Michel, Patrice, Pierre, Bruno, Jean-François, Hervé, Frédéric, François et Alain sont musiciens, bien sûr, chanteurs à l’occasion ; ils jouent de la basse ou de la guitare, de l’accordéon ou des percussions, de la trompette, du trombone ou du saxophone. Dans leur spectacle Hors les rails, ils jouent aussi de la barrière de passage à niveau, sur laquelle chaque tige de métal est une note : «  Nous ne faisons pas de trompe-l’œil mais du trompe-l’oreille, en camouflant un instrument de musique derrière chaque objet », explique Jean-François Hoël.

Zic Zazou, en trois décennies, a surtout connu la reconnaissance et le succès dans la rue, lors de mémorables déambulations collectives qui ont emmené la troupe jusqu’au Costa Rica, au Mexique, en Australie, à Hong Kong.
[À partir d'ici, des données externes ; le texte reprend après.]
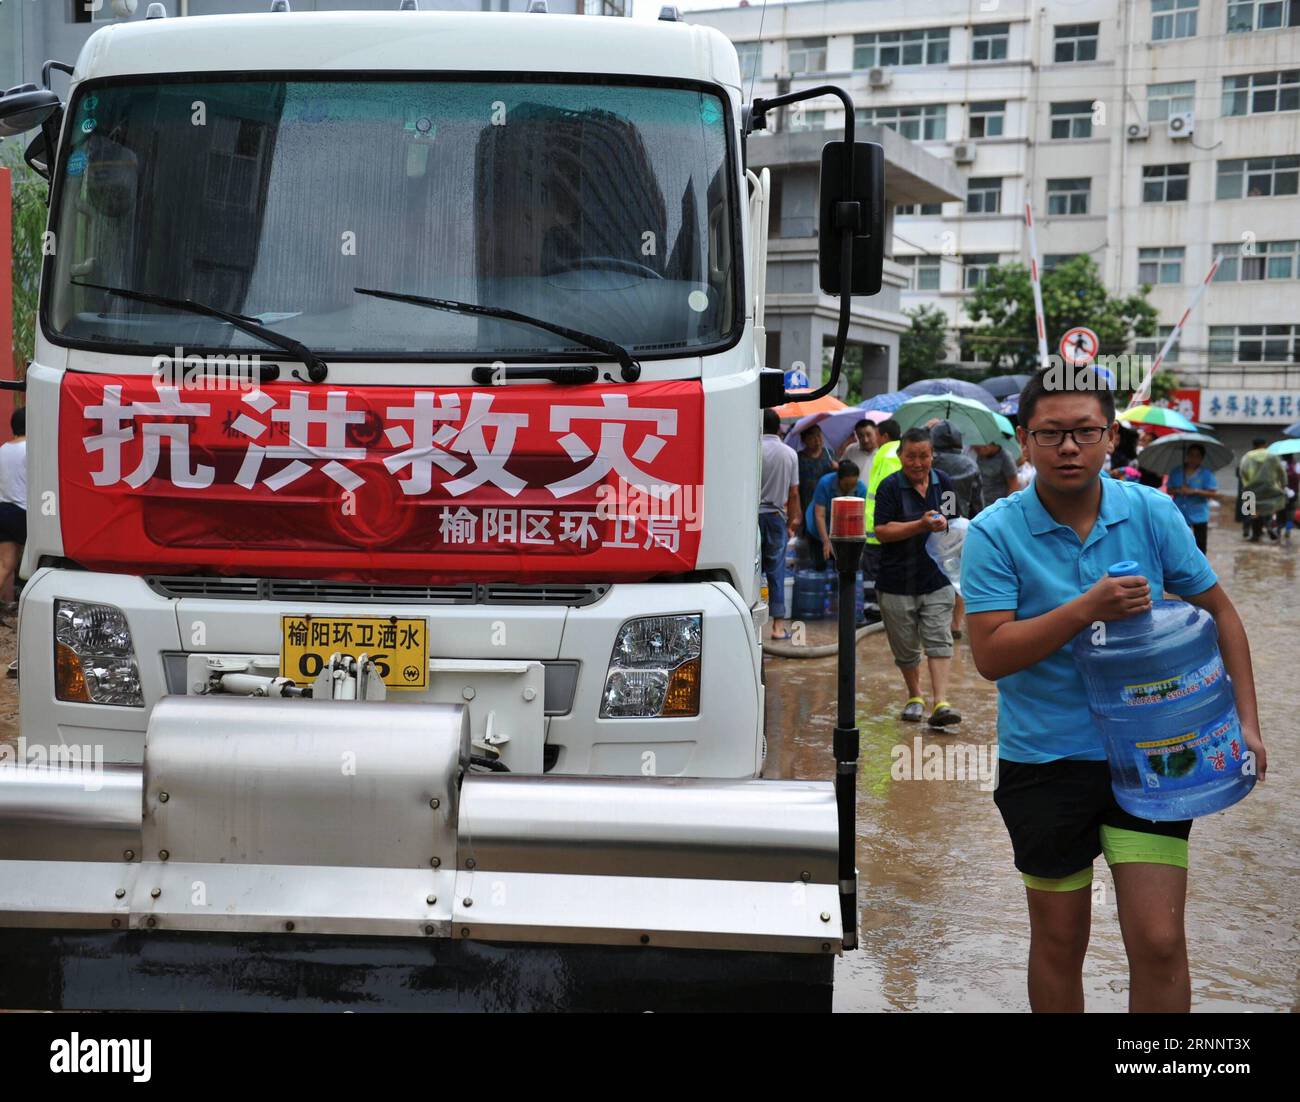 (170727) -- YULIN, 27 juillet 2017 -- Un homme reçoit un pot d'eau potable d'une station de distribution d'eau dans le comté de Suide de la ville de Yulin, dans la province du Shaanxi au nord-ouest de la Chine, le 27 juillet 2017. Les travaux de sauvetage se poursuivent dans les comtés de Suide et Zizhou les plus touchés après une pluie torrentielle qui a provoqué une inondation dans la ville. (clq) CHINA-SHAANXI-YULIN-FLOOD-RESCUE(CN) ZhangxBowen PUBLICATIONxNOTxINxCHN Yulin juillet 27 2017 un homme REÇOIT un pot d'eau potable d'une station de distribution d'eau dans le comté de suid City Nord-Ouest de la Chine S Shaanxi province juillet 27 2017 le travail de sauvetage se poursuit dans le suide et Banque D'Images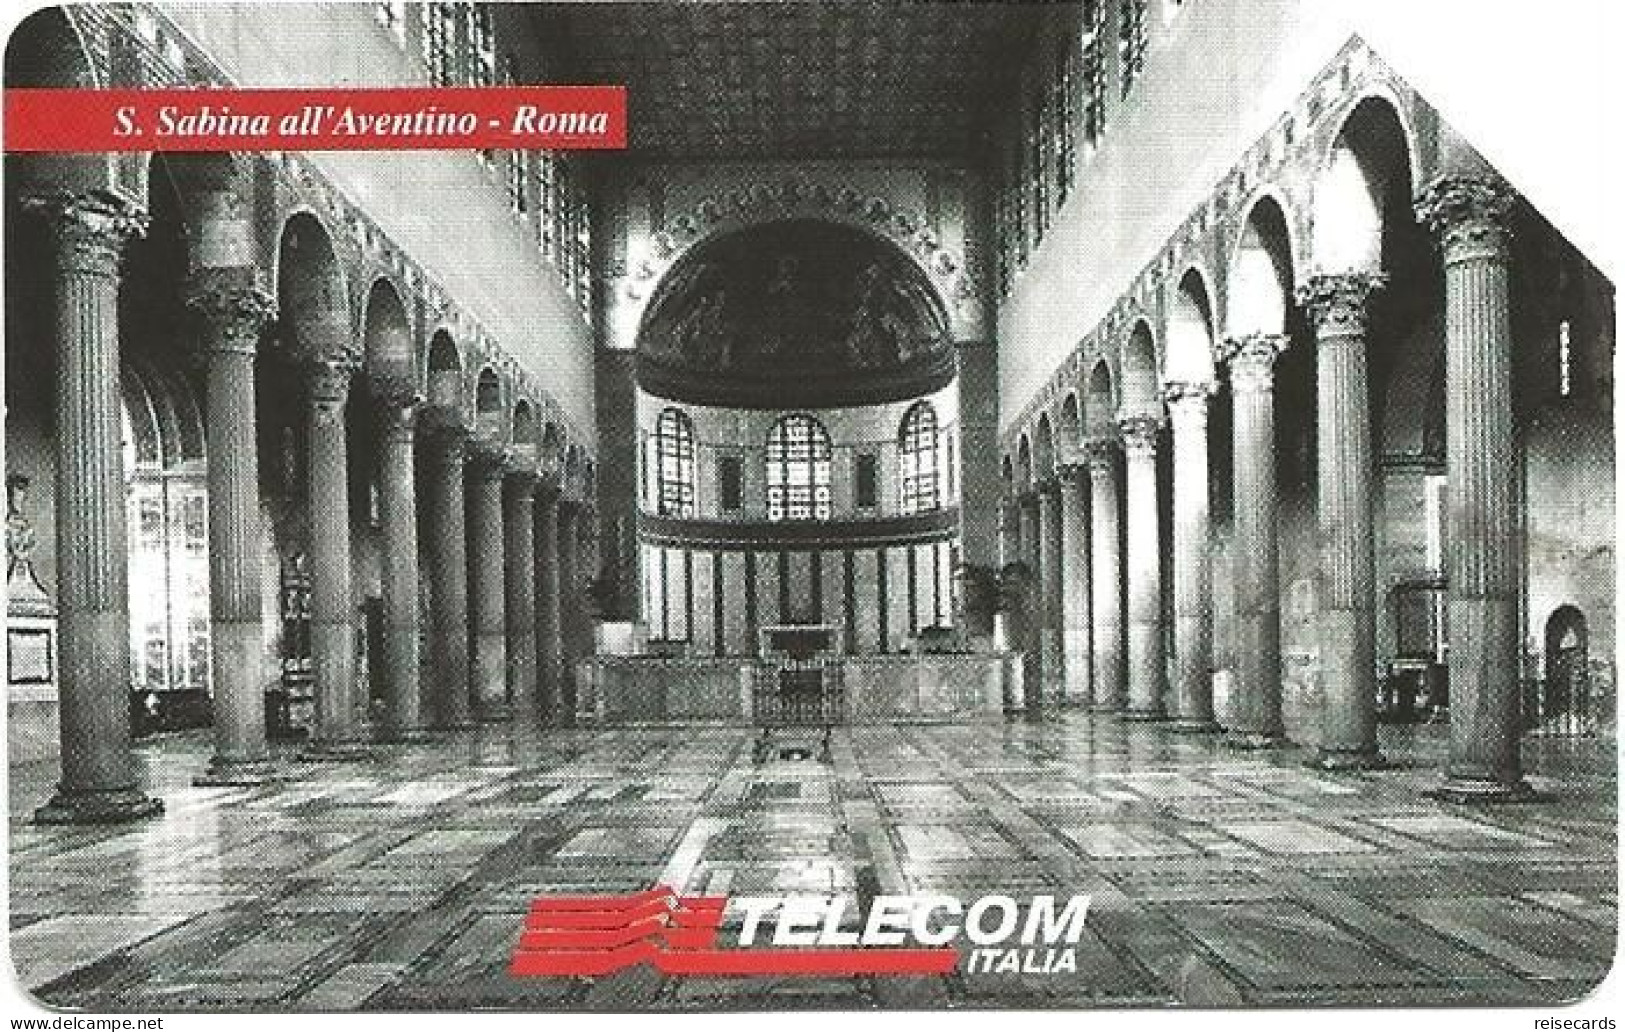 Italy: Telecom Italia - Il Culto Dell'Arte, S. Sabina All'Aventino Roma - Öff. Werbe-TK

Depuis l’origine, un membre, un seul, a passé la main.

Leurs créations : La Bête dans la Ville (1988), La Fantastique Chevauchée (1994), Ze Spectacle (1995), En 1000 morceaux (1998), Le Kiosque (2000), Brocante Sonore (2004), Hors les Rails (2006), Obstinato (2010) et La preuve par 9 (2011). Ils ont enregistré 5 CD, un DVD et reçu plusieurs prix.

En 2012, la compagnie a connu son pic de notoriété grâce à un coup d’éclat télévisuel : devant 2 millions de téléspectateurs, Zic Zazou a remporté la « La grande battle », sur France 2, en interprétant en bleu de travail le grand air du Carmen de Bizet (joué entre autres sur caisse de vin millésimé).

Zic Zazou, désormais, cumule une soixantaine de dates chaque saison. Et fait en Picardie figure d’institution locale. « À Amiens, nous finissons par avoir pas mal de fans, notamment des jeunes adultes qui nous voyaient déjà dans la rue quand ils étaient gosses », s’amuse Michel Berte.

Certains membres du groupe interviennent régulièrement en milieu scolaire pour apprendre les secrets du bruitage aux enfants : « Je leur donne à bruiter des séquences de Mon Oncle, de Jacques Tati. » explique Michel Berte. De quoi préparer la relève.